2. The method of claim 1, further comprising obtaining the quantization of the first set of parameters.

3. The method of claim 2 or any one of the preceding claims, wherein: each of the first set of parameters is encoded with a first representation; and obtaining the quantization of the first set of parameters comprises, for each of the first set of parameters, transforming the parameter to a second number representation.

4. The method of claim 1 or any one of the preceding claims, wherein determining the second architecture using the quantization of the first set of parameters comprises: determining an indication of an architecture gradient using the quantization of first set of parameters; and determining the second architecture using the indication of the architecture gradient.

5. The method of claim 4 or any one of the preceding claims, wherein determining the indication of the architecture gradient for the first architecture comprises determining a partial derivative of a loss function using the quantization of the first set of parameters.
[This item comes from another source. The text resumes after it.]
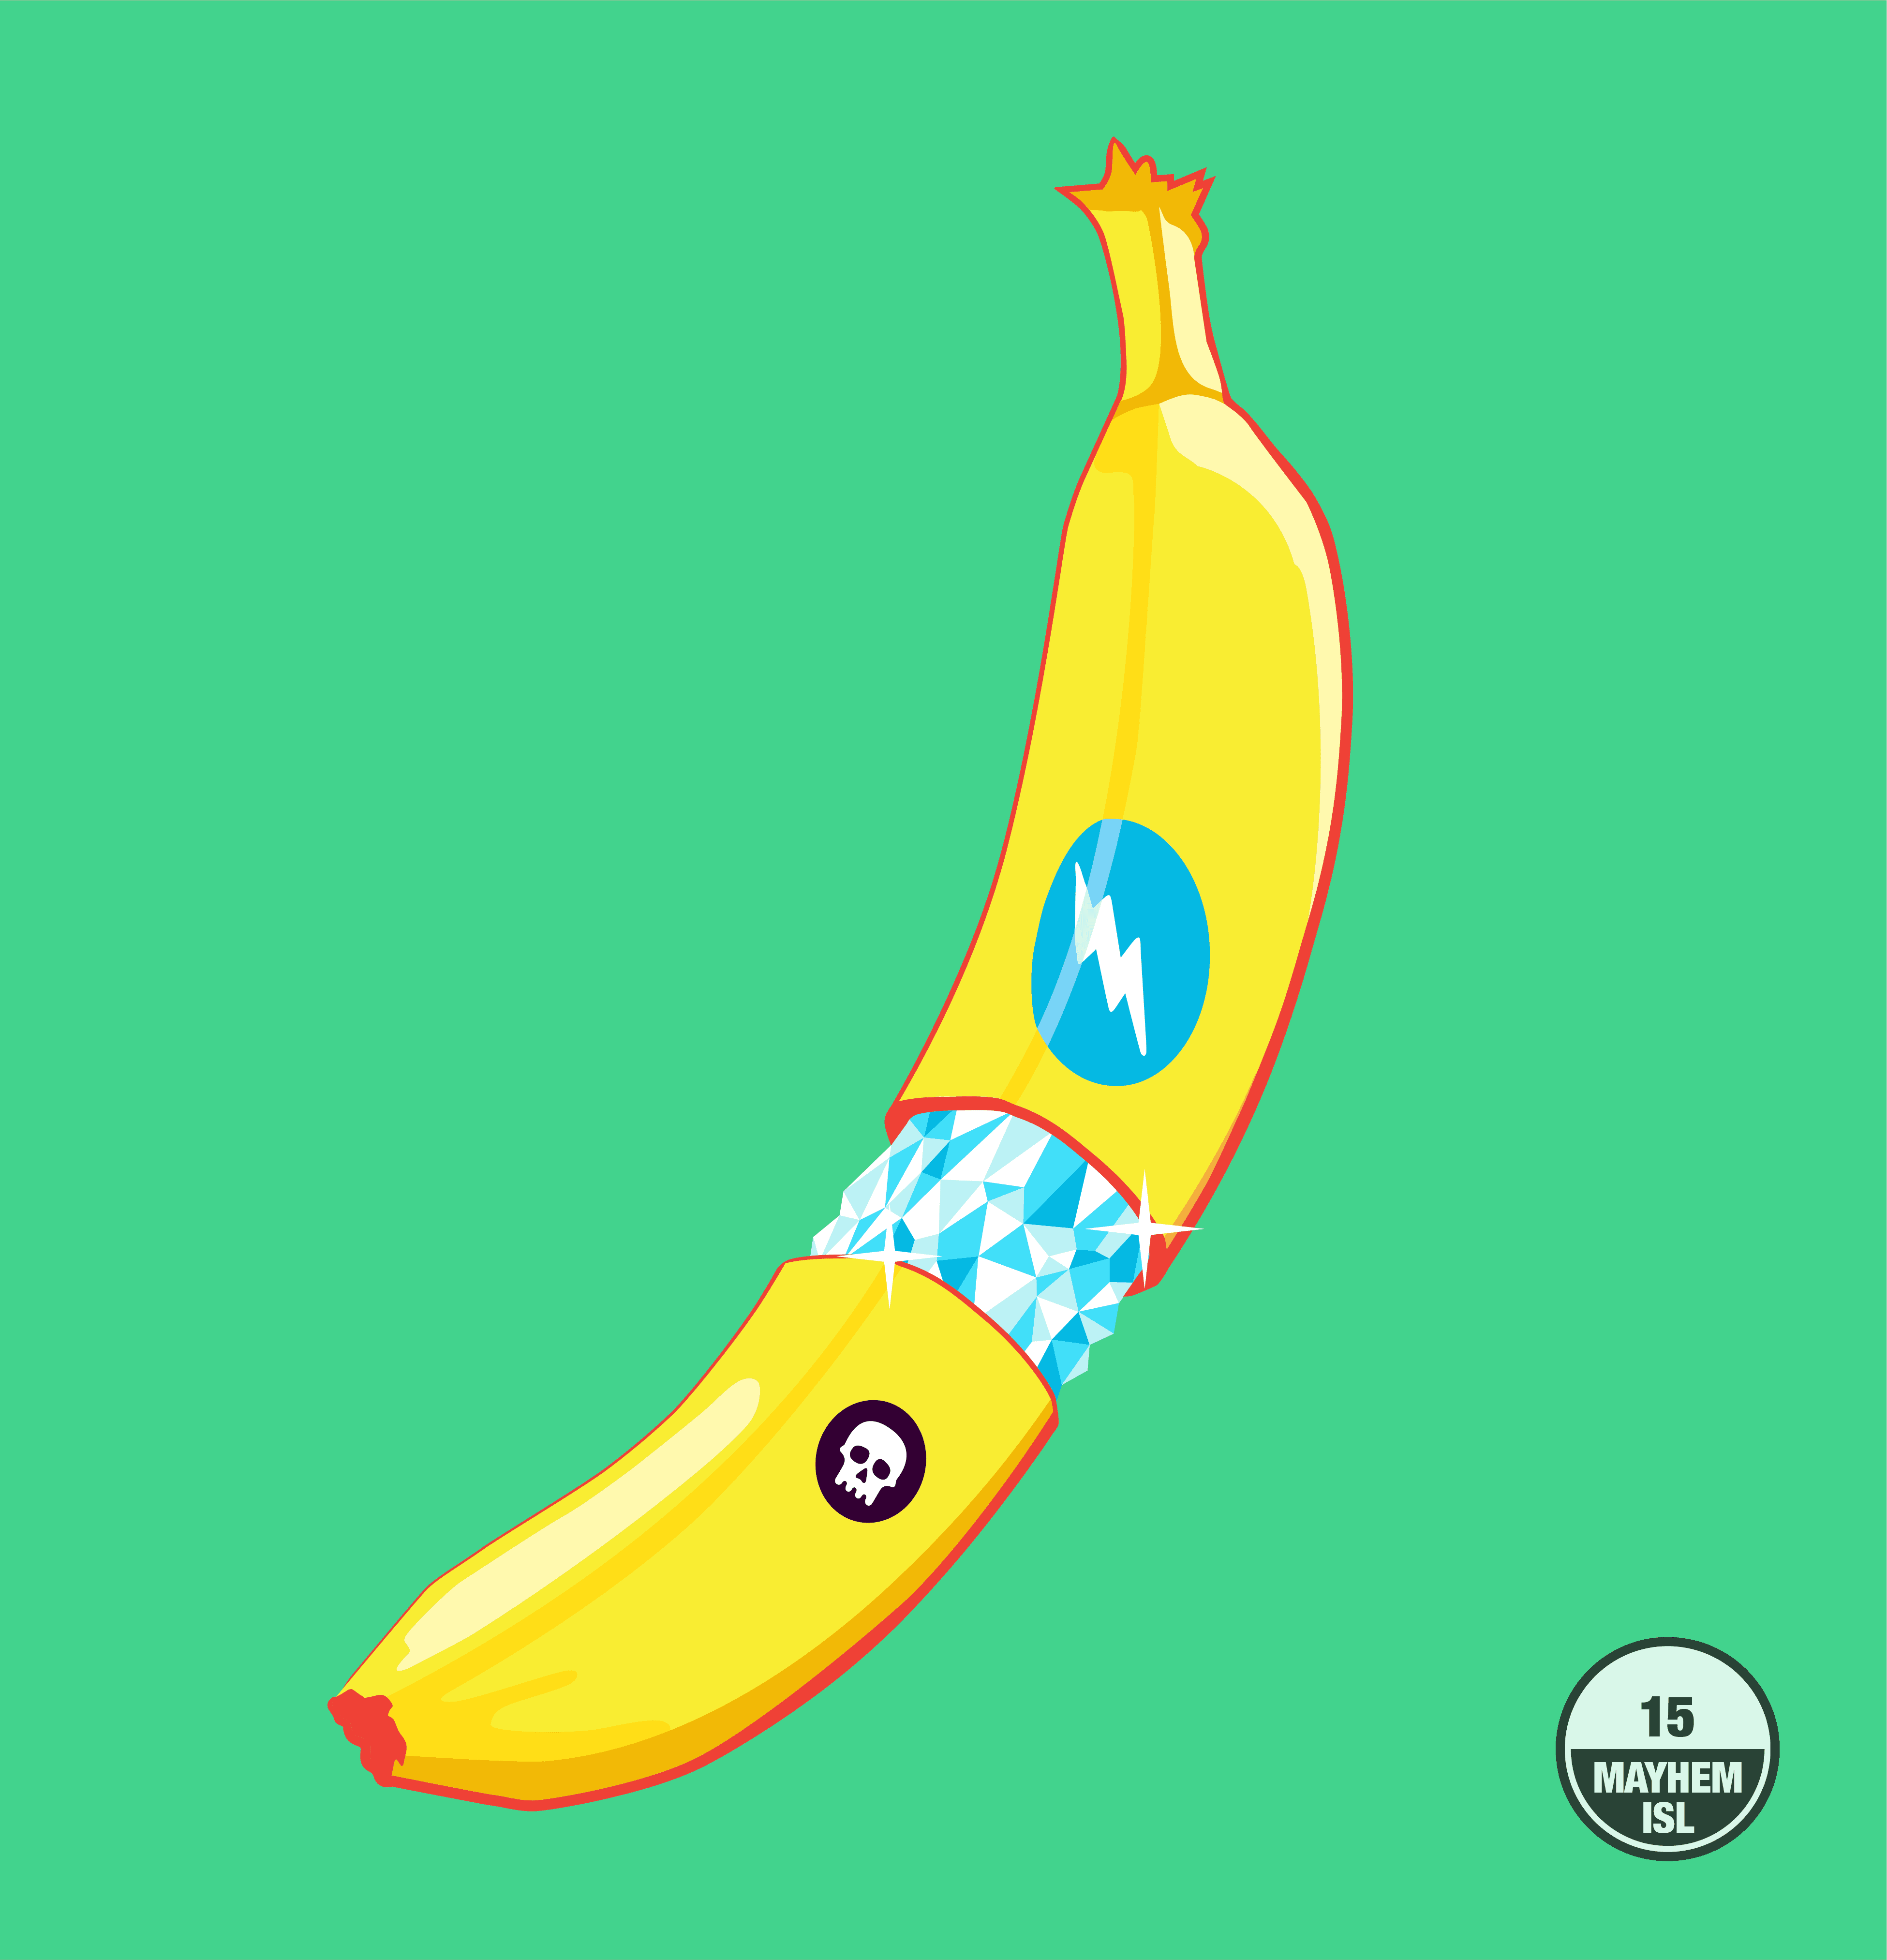 Mayhem Island Banana #15

6. The method of claim 1 or any one of the preceding claims, further comprising updating the first set of parameters of the machine learning model to obtain a second set of parameters.

7. The method of claim 6 or any one of the preceding claims, wherein updating the first set of parameters comprises using gradient descent to obtain the second set of parameters.
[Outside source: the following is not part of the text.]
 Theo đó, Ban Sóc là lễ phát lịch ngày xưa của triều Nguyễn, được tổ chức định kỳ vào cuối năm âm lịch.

8. The method of claim 1 or any one of the preceding claims, further comprising encoding an architecture of the machine learning model as a plurality of weights for respective architecture parameters, the architecture parameters representing the plurality of architectures.
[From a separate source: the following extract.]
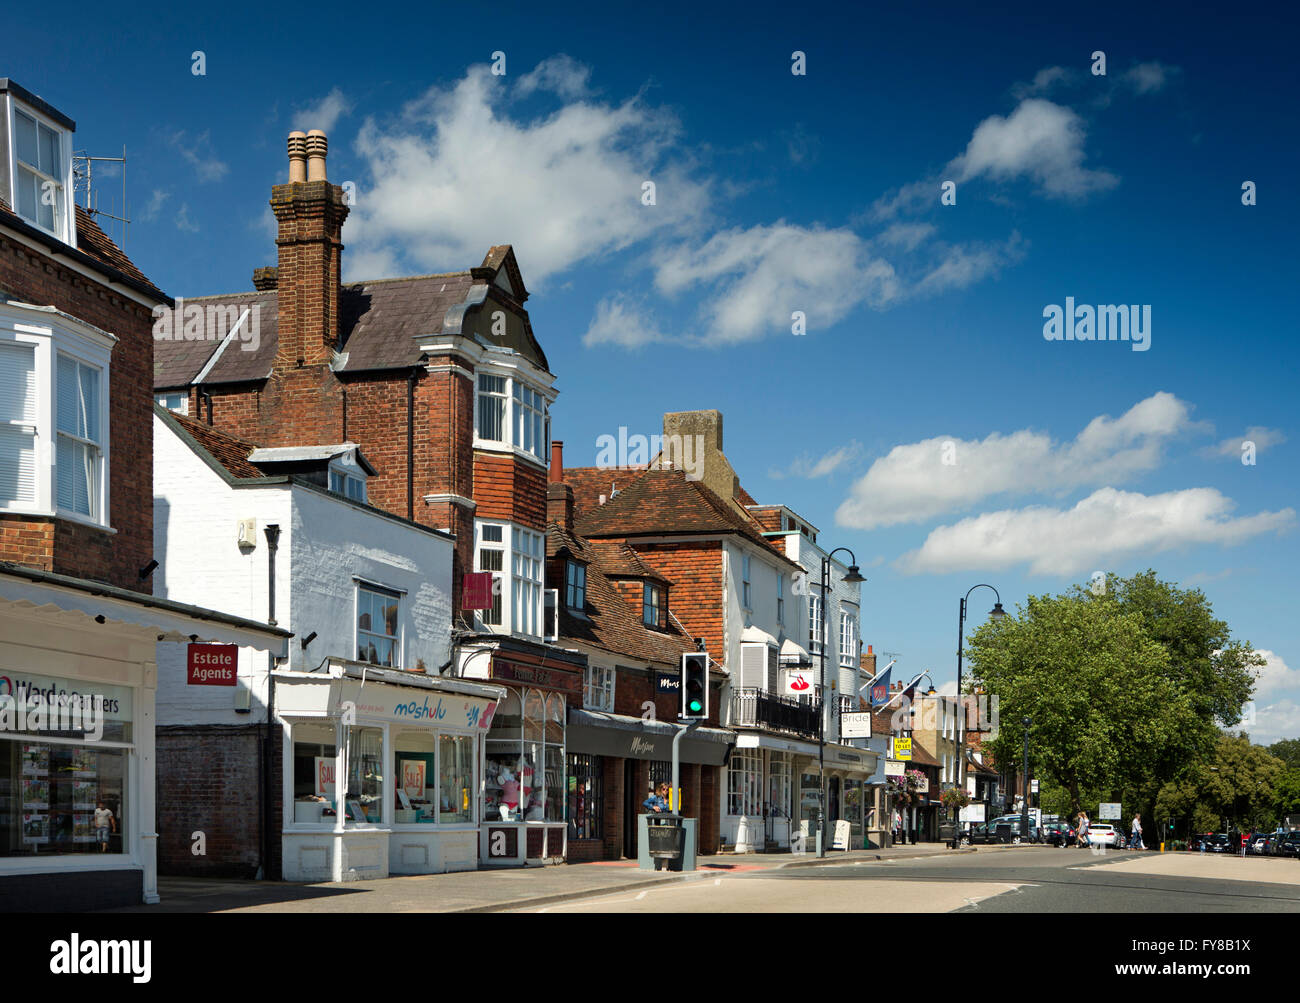 UK, Kent, Tenterden, High Street, shops in historic buildings Stock Photo

9. The method of claim 8 or any one of the preceding claims, wherein: determining the second architecture comprises determining an update to at least some weights of the plurality of weights; and updating the machine learning model comprises applying the update to the at least some weights.

10. The method of claim 11 or any one of the preceding claims, wherein determining the second architecture using the quantization of the first set of parameters comprises: combining each of the first set of parameters with a respective quantization of the parameter to obtain a set of blended parameter values; and determining the second architecture using the set of blended parameter values.

11. The method of claim 10 or any one of the preceding claims, wherein combining the parameter with the quantization of the parameter comprises determining a linear combination of the parameter and the quantization of the parameter.

12. The method of claim 1 or any one of the preceding claims, wherein the machine learning model comprises a neural network.

13. The method of claim 12 or any one of the preceding claims, wherein the neural network comprises a convolutional neural network.

14. The method of claim 12 or any one of the preceding claims, wherein the neural network comprises a recurrent neural network.

15. The method of claim 12 or any one of the preceding claims, wherein the neural network comprises a transformer neural network.

16. The method of claim 12 or any one of the preceding claims, wherein the first set of parameters comprises a first set of neural network weights.

17. The method of claim 1 or any one of the preceding claims, further comprising training the machine learning model configured with the second architecture to obtain a trained machine learning model configured with the second architecture.

18. The method of claim 17 or any one of the preceding claims, further comprising quantizing parameters of the trained machine learning model configured with the second architecture to obtain a machine learning model with quantized parameters.

19. The method of claim 18 or any one of the preceding claims, wherein the processor has a first word size and the method further comprises transmitting the machine learning model with quantized parameters to a device comprising a processor with a second word size, wherein the second word size is smaller than the first word size.

20. A system for determining an architecture of a machine learning model that optimizes the machine learning model, the system comprising: a processor; a non-transitory computer-readable storage medium storing instructions that, when executed by the processor, cause the processor to perform a method comprising: obtaining the machine learning model configured with a first one of a plurality of architectures, the machine learning model comprising a first set of parameters; determining a second one of the plurality of architectures using a quantization of the first set of parameters; and updating the machine learning model to obtain the machine learning model configured with the second architecture.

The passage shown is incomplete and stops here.